As demonstrated, the USING clause eliminates the repeated name column, while the ON clause version of JOIN keeps both columns from both tables.

The difference between JOIN, LEFT JOIN, RIGHT JOIN, INNER JOIN, and FULL join will be explained later.

Here are a few other multi-table operators that can be useful:

  • “EXCEPT” selects rows in one table that are not present in another table.
    • SELECT columnA FROM Table1 EXCEPT SELECT columnA FROM Table2
  • “INTERSECT” selects rows that are present in both tables.
    • SELECT columnA FROM Table1 INTERSECT SELECT columnA FROM Table2

We will be demonstrating these two operators later with the JOINS.

6 Connecting to Google BigQuery

RODBC can also connect to PaaS providers such as Google Cloud Platform and use it as a data-source. Utilizing it will allow faster query executions and minimize usage of local memory.

6.2 Billing in Google BigQuery

With smaller scale querying operations, BigQuery is free for public use, but it charges a fee for heavy usage. That’s why it’s important to specify billing information when querying.

Fees for BigQuery are billed on a per-project basis, and when supplying billing information, just provide the project that should be billed for. When you are not an eligible member of the project with the permission to bill the project, billing that project will be declined.

For many public libraries and projects, they make their data publicly available, but they don’t allow the public to bill these projects. That means, users who want to query data from a public library will need to additionally provide another project that Google can bill.

6.3 Case Study I: Open Library in BigQuery

Here we will connect to a sample dataset in Google Cloud Platform’s list of open libraries and query from it.

6.3.1 Set up BigQuery on GCP

In order to use BigQuery functionalities, a Google Cloud Platform account is needed

  1. Go to Google Cloud Platform and register a GCP account with your email. New members to GCP are given 12-months of free trials and $300 credits.
  2. HS 650 DSPA Studests will receive $50 GCP credit (from the Instructor)
  3. In Google Cloud Platform, start a new project.
  4. After starting a new project, on GCP, go to IAM & Admin tab.
  5. On this tab, you will see a list of members of the project. You can add new members and assign each member specific role(s).
  6. Edit and make sure all members (including yourself) who need to access BigQuery functionalities from R are assigned the role of BigQuery Admin or similar ones that have the permission to create jobs remotely on BigQuery.
  7. After assigning roles and permissions, go to GCP BigQuery User Interface

This is the primary interface for setting up data sources. We will come to this tab only when needed to add new data sources and datasets and the remaining of the time we only need R to access data and query from GCP.

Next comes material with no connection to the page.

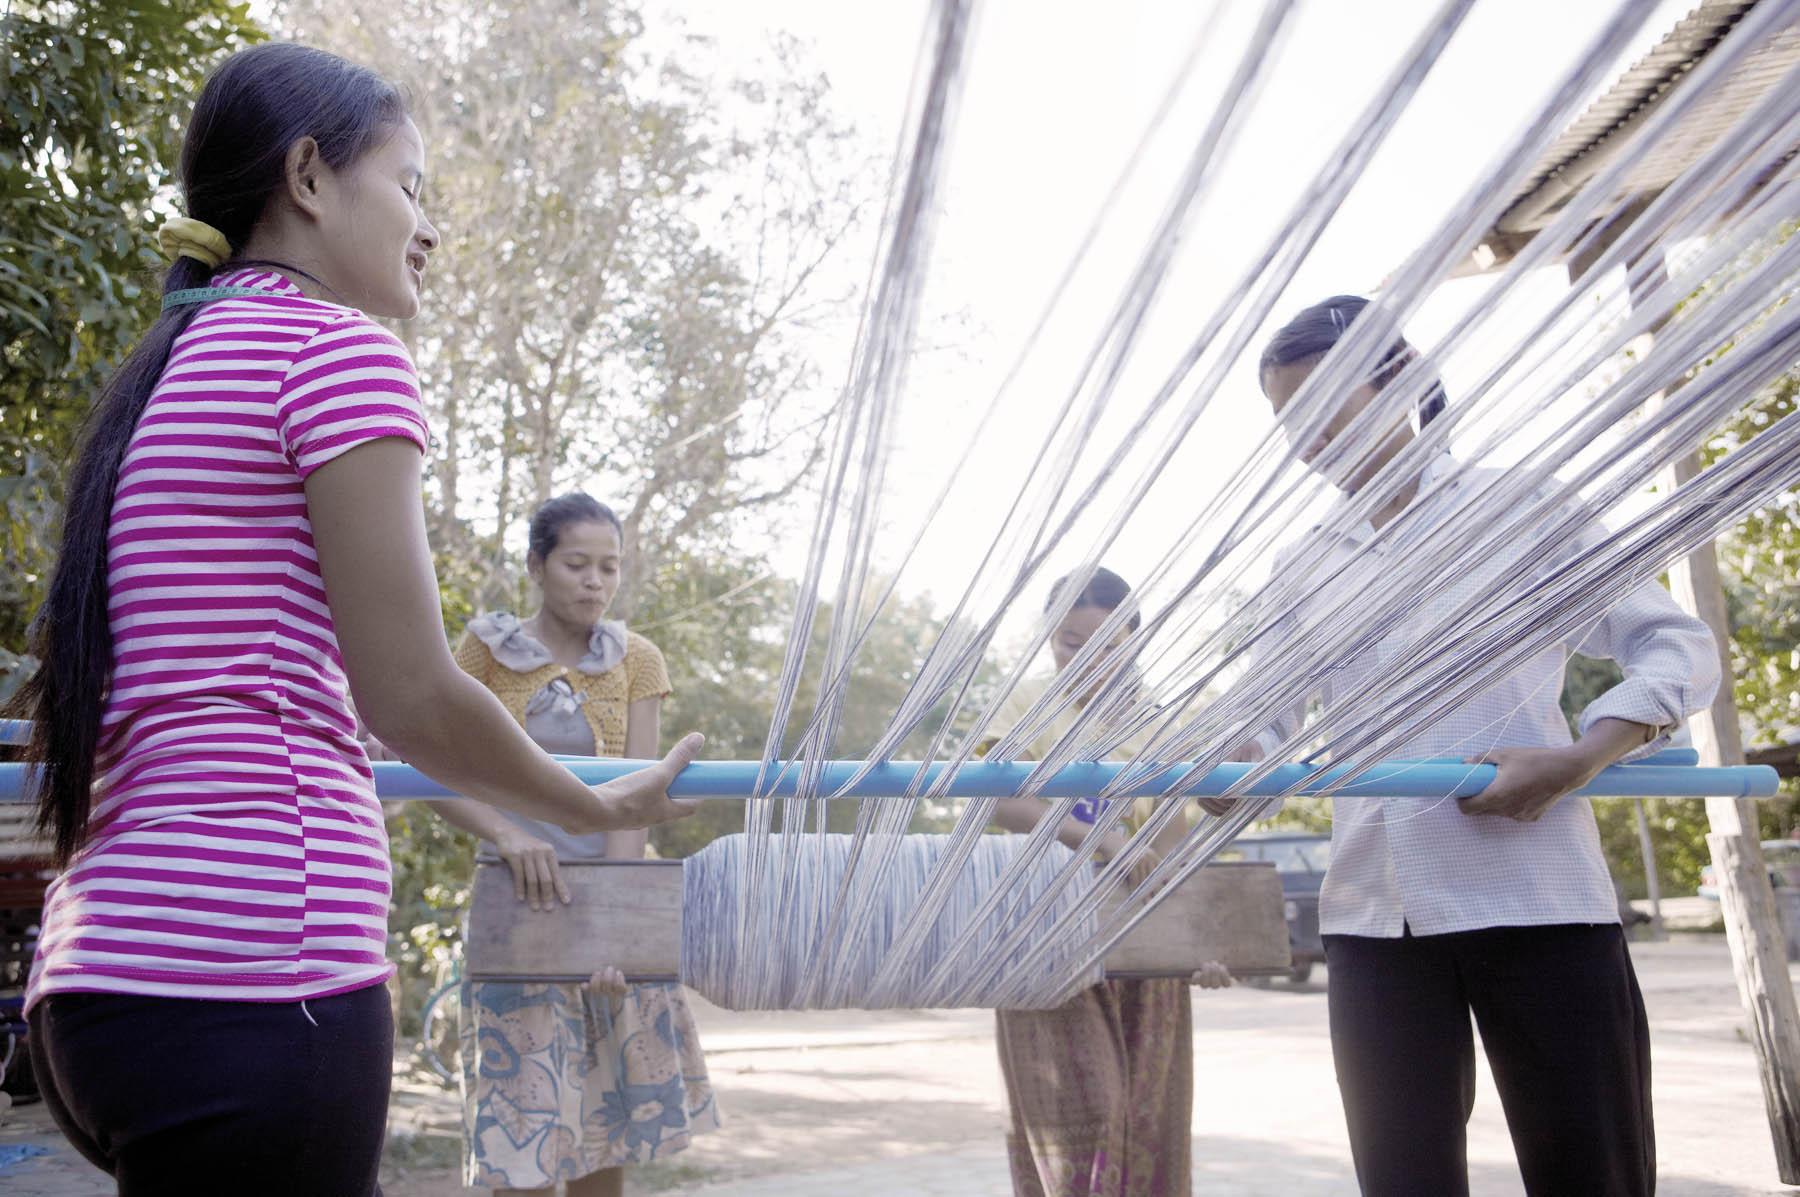 People_of Cambodia_2533.jpg
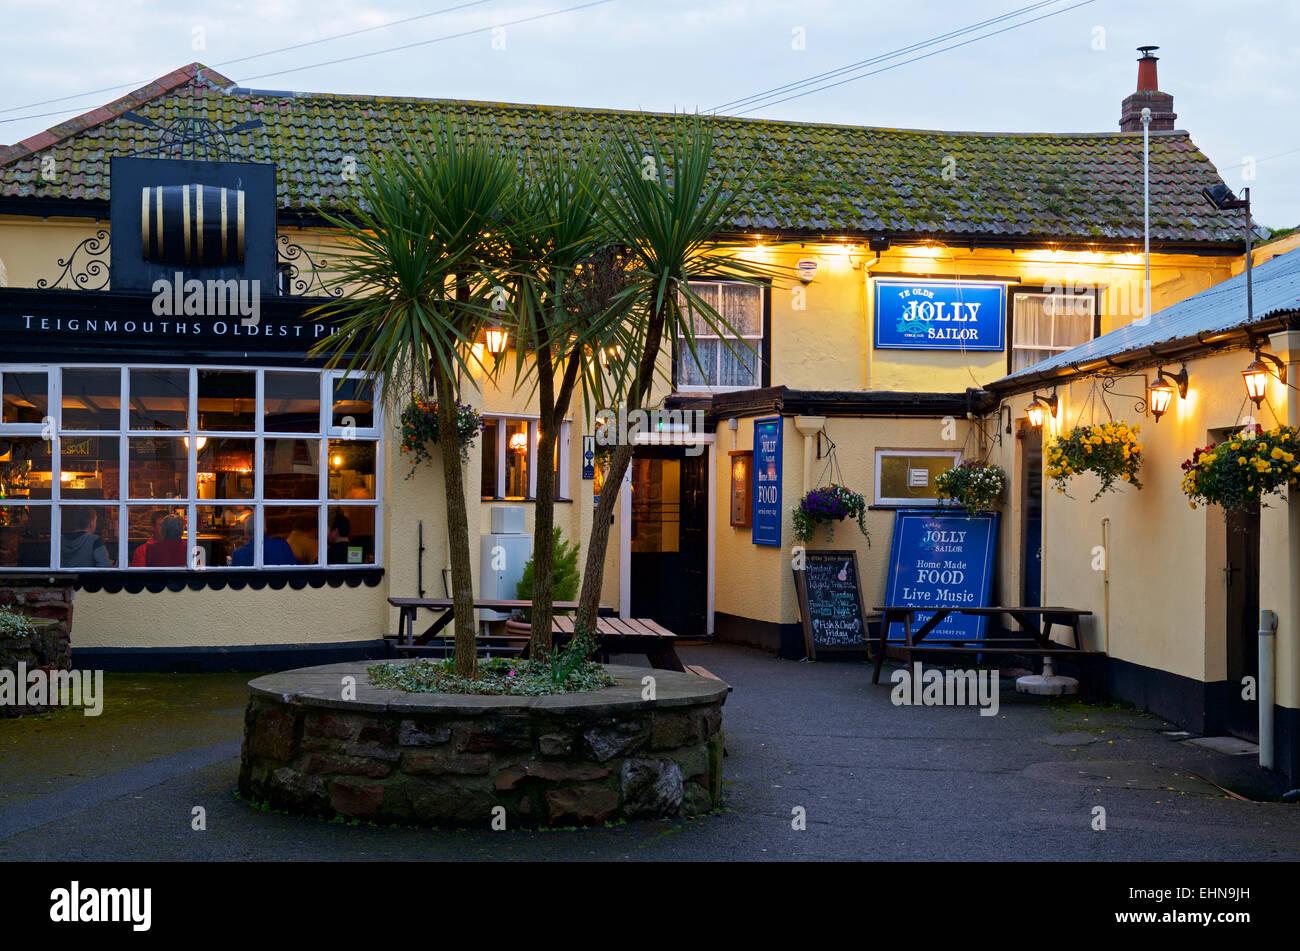 The Jolly Sailor pub in Teignmouth, Devon, England UK - Stock Image

6.3.2 Connecting to Dataset

We will now demonstrate connecting to your project and the bigquery-public-data.samples.shakespeare.

#install.packages("bigrquery")
library(DBI)
library(RODBC)
library(bigrquery)
#set 'billing' to the project that will be billed

#Connect to the project
con <- dbConnect(bigquery(),
                 project = "bigquery-public-data",
                 billing = billing
)

#list first few lines of shakespeare table
sql <- "SELECT * FROM [bigquery-public-data.samples.shakespeare] LIMIT 5"
result <- query_exec(sql, project=billing)
result
##      word word_count  corpus corpus_date
## 1    LVII          1 sonnets           0
## 2  augurs          1 sonnets           0
## 3  dimm'd          1 sonnets           0
## 4 plagues          1 sonnets           0
## 5 treason          1 sonnets           0
#disconnect from Google BigQuery
dbDisconnect(con)

6.4 Case Study II: MIMICIII Intro

Here, we will demonstrate how to connect to a MIMIC-III dataset through Google Cloud’s BigQuery platform and query some data.

6.4.1 Setting Up MIMIC III on BigQuery

Similar to in Case Study I, MIMIC III is a project available on BigQuery so we will need to pin this project to the BigQuery interface. However, since this project is not in the public library, we will need to gain access to this project first then pin it.

6.4.1.1 Getting Access to MIMIC III

The access to MIMIC III is granted on a per-email basis. Follow these steps to gain access to MIMIC III for the email address registered for the project owner:

  1. MIMIC II data is initially stored on PhysioNet, and this is also the site for gaining access to MIMIC III.
  2. Go to PhysioNet Registration, where you will then register an account with the email address that you desire to gain access for.
  3. Confirm the registration after receiving an email, then log back into PhysioNet.
  4. Go the page for MIMIC II Data, scroll to the bottom and click on credentialed user.
  5. In the Credentialing tab of the page, click on “apply for access”.
  6. You will then be directed to the application page for accessing MIMIC III.
  7. Complete the application, which involves completing an online course: CITI Program in “Data or Specimens Only Research”, and listing your faculty supervisor as a reference.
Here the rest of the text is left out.